Clippers owner Donald Sterling banned for life by NBA; Commissioner to push for sale of team

Sterling fined $2.5 million

LOS ANGELES - Los Angeles Clippers owner Donald Sterling was banned for life by the NBA after a league investigation determined it was his voice heard on two racially-charged recordings.

One of the recordings allegedly captured Sterling telling his girlfriend not to bring black people to games.

Commissioner Adam Silver said that the central findings of the investigation identified Sterling's voice on the recordings. Silver described the contents of the recordings as "offensive and harmful."

"I am personally distraught that the views expressed by Mr. Sterling came from within an institution that has historically taken such a leadership role in the matter of race relations," Silver said during a Tuesday afternoon press conference that was carried during special reports on all the major national networks.

Silver announced that Sterling is banned for life from the NBA, meaning that the Clippers owner cannot attend any games or practices, cannot be at the team's facility or participate in team management decisions, and is barred from attending league activities like the Board of Governors meetings.  Silver said he did not know whether Sterling will fight the ban.

Sterling was also fined $2.5 million, which Silver said will be donated to organizations that work against discrimination. The recipients of the money will be determined by the NBA and the players' union.

Silver also vowed to try to push Sterling out entirely.

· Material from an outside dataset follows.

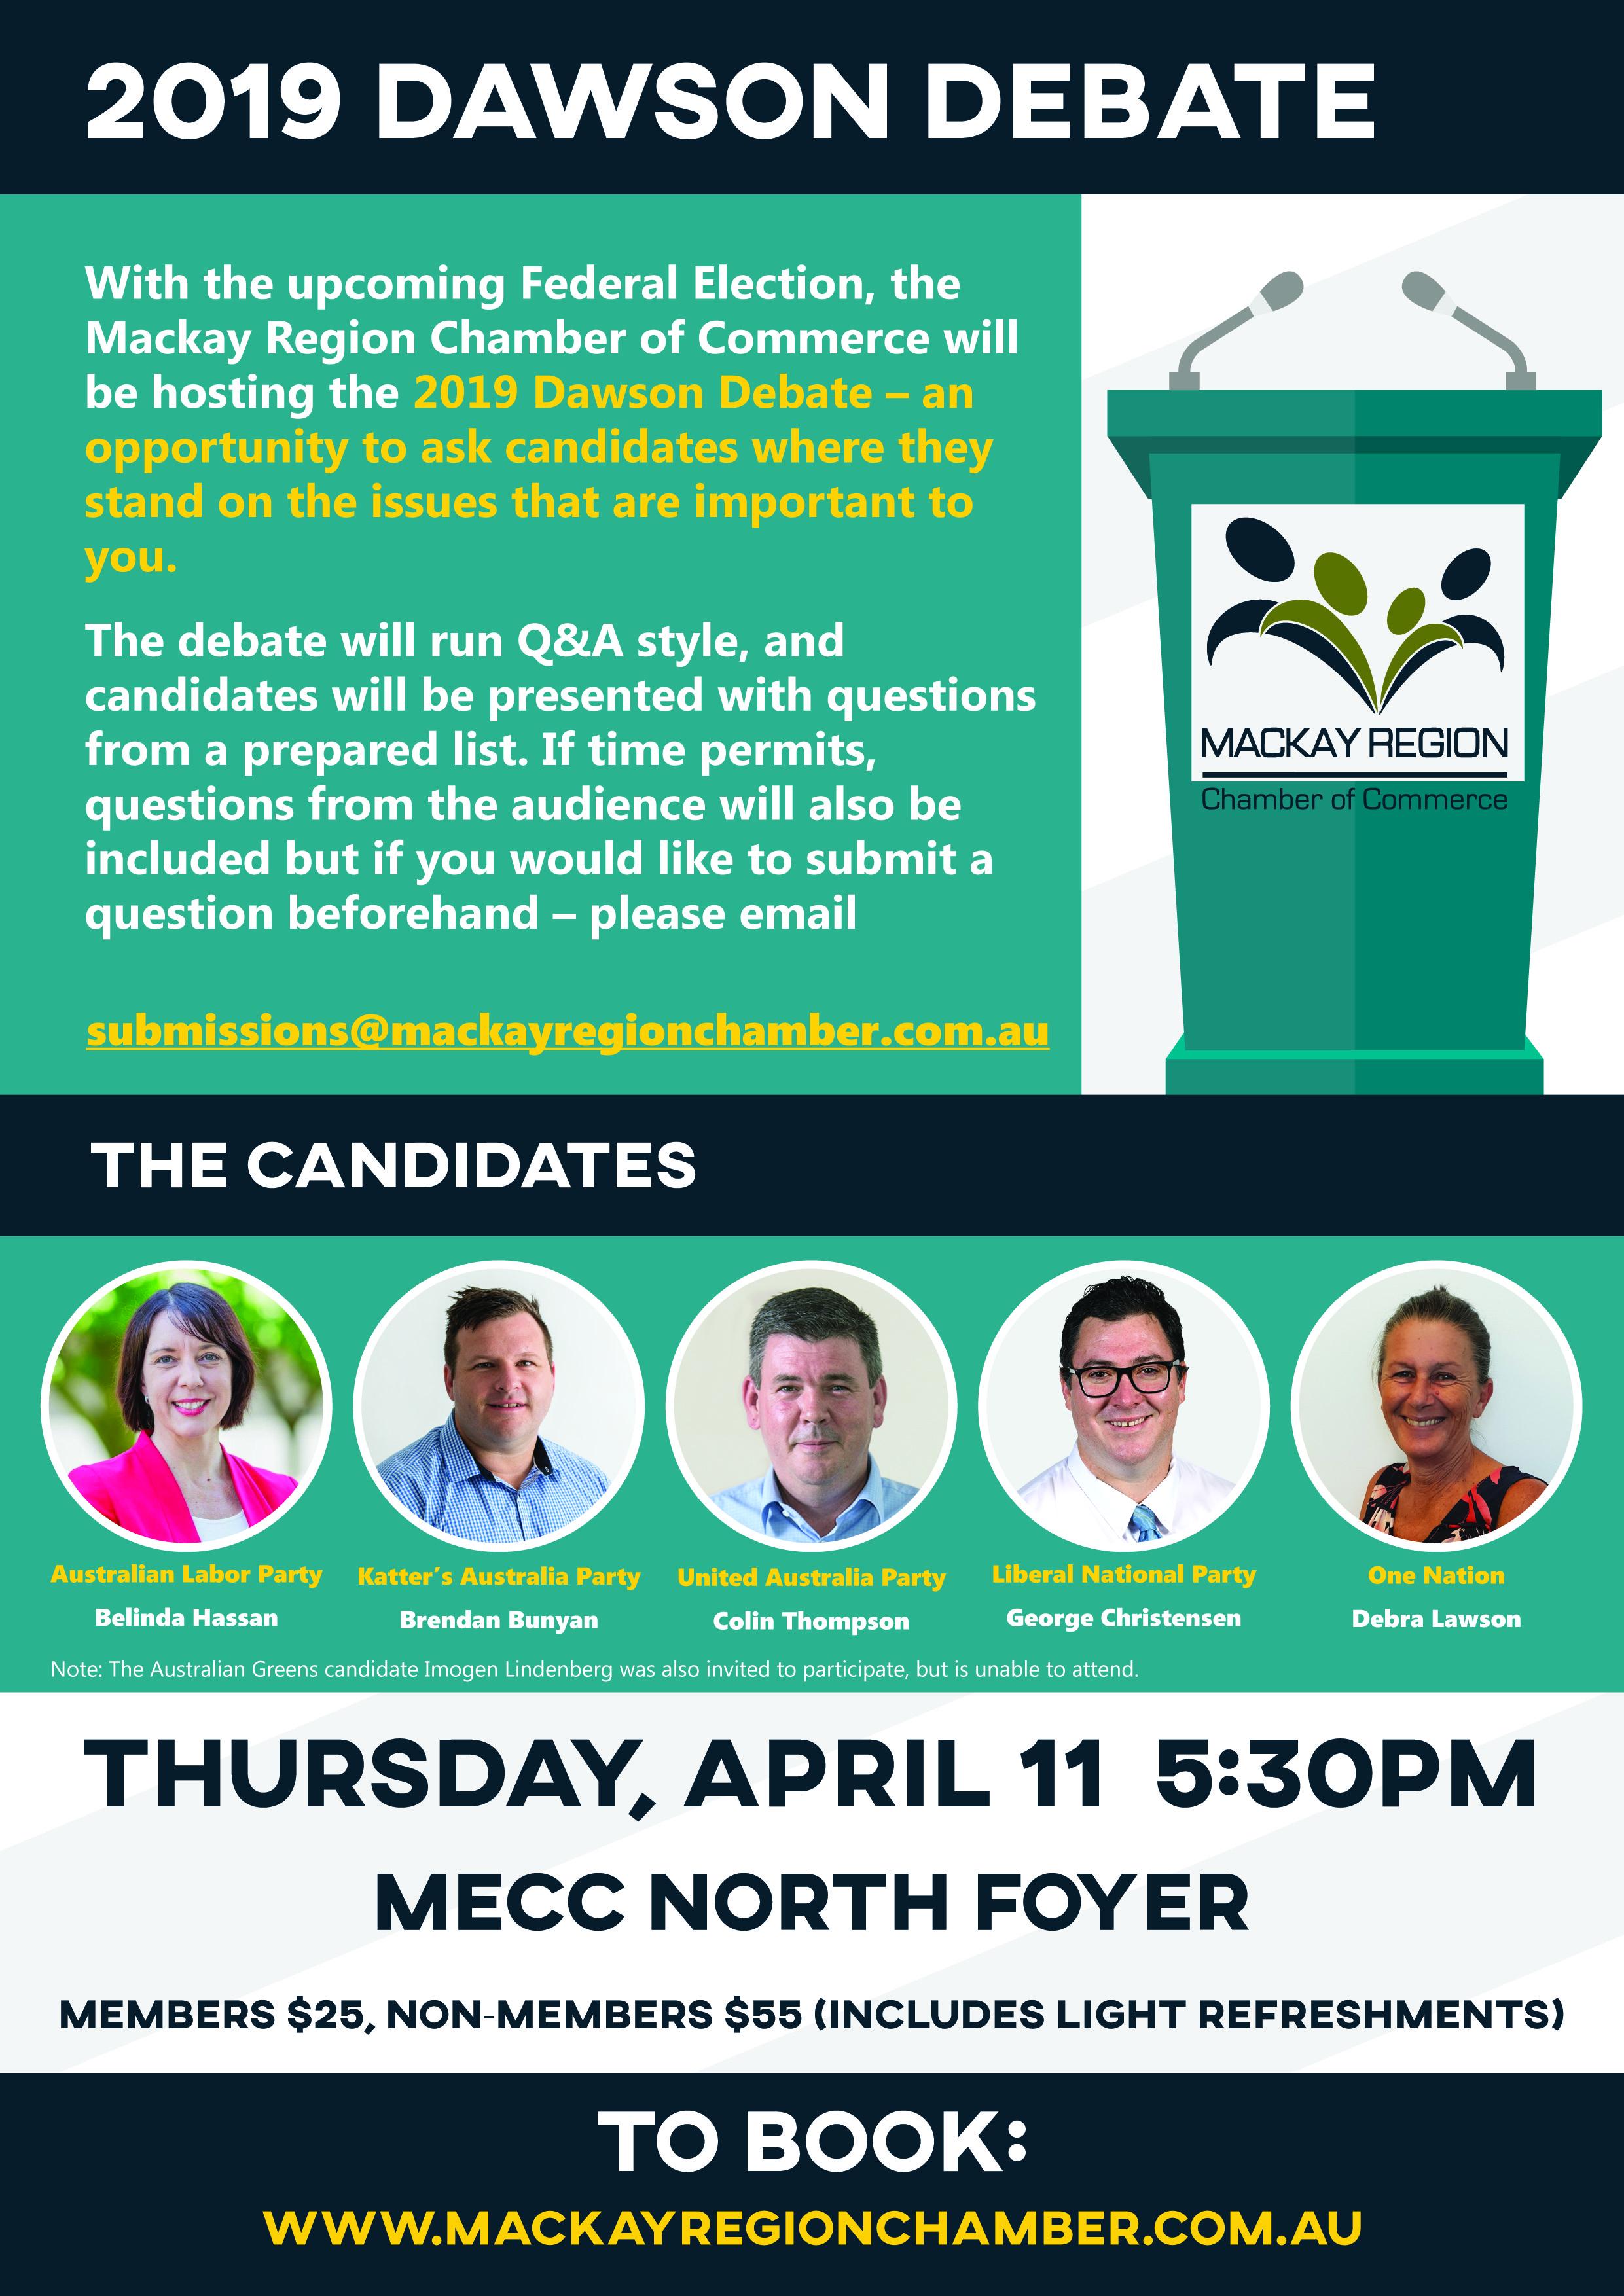 2019 Dawson Debate _A4 Flyer_Final_14.03-01.jpg

"I will urge the board of governors to exercise its authority to force a sale of the team," he said.

"This has been a painful moment for all members of the NBA family," Silver said in his conclusion. "We stand together in condemning Mr. Sterling's view, they simply have no place in the NBA."

Before listing the penalties levied against Sterling, Silver offered a personal apology to several of the players, leaders and basketball dignitaries who have expressed outrage at the racist rant. The apology explicitly mentioned basketball legend Magic Johnson, who was mentioned in the taped recordings and who publicly blasted Sterling's words.

Johnson responded on Twitter:

Most NBA players also seem satisfied with the punishment.

Some of the owners also expressed agreement with the commissioner's decision.


Denver Nuggets president Josh Kroenke released a statement, saying, "Kroenke Sports & Entertainment and the Denver Nuggets wholeheartedly and emphatically support Commissioner Adam Silver's decision that Donald Sterling be fined and banned for life from any involvement with the National Basketball Association.  Mr. Sterling’s words have absolutely no place in our working family or in a global sport that values inclusion, diversity and tolerance of people regardless of race, religion or sexual orientation."

Sterling is alleged to have made racist remarks in a recorded conversation with girlfriend V. Stiviano. The contents of the recording shook the the basketball world and beyond.

Arnold Perl, a prominent labor attorney with Glankler Brown, said he is not privy to the whether the tape is accurate, but the audio tape creates a problem for the NBA that goes beyond legal concerns.

“It’s clear that the NBA determined that Mr. Sterling lost his license to lead," Perl said.

Sterling bought the Clippers in 1981 for $12.5 million when the team played in San Diego. The team went more than 20 years before winning its first playoff series under Sterling’s ownership. But back-to-back Pacific Division titles have fans hoping the Clippers could break through and make the franchise’s first NBA Finals appearance.

In a statement released through the Clippers, Sterling denied the allegations.

"Mr. Sterling is emphatic that what is reflected on that recording is not consistent with, nor does it reflect his views, beliefs or feelings,” according to a portion of the statement released by the team. "It is the antithesis of who he is, what he believes and how he has lived his life. He feels terrible that such sentiments are being attributed to him and apologizes to anyone who might have been hurt by them."

The audio recording has splintered the Clippers' championship hopes as the team tries to rally around each other.

Players throughout the NBA have been vocal and united in their disgust of the tape. Some have called for Sterling to be removed, while others have taken to different forms of protest.

"Just to hear that comment, I mean, like, it's no place for that, know what I mean?" Memphis Grizzlies star forward Zach Randolph said according to The Commercial Appeal in Memphis. "It just makes you feel a certain type of way, honestly, in how they really look at us and you look at how far the game has come, and for him to feel like that, it's ridiculous and there's no place for it."

Removing Sterling from ownership could create a problem, said Marc Edelman, prominent associate law professor at Baruch College’s Zicklin School of Business.

"They run a reasonable risk of challenge," said Edelman, who specializes in sports and antitrust law. Edelman made the comments before Silver’s announcement.

Perl said under California law, both parties must consent to a tape recording for the tape to be admissible in court. The alleged comments also came in a private conversation as opposed to a public interview. Former Cincinnati Reds owner Marge Schott was suspended in 1996 after making a public comment favorable to Adolf Hitler.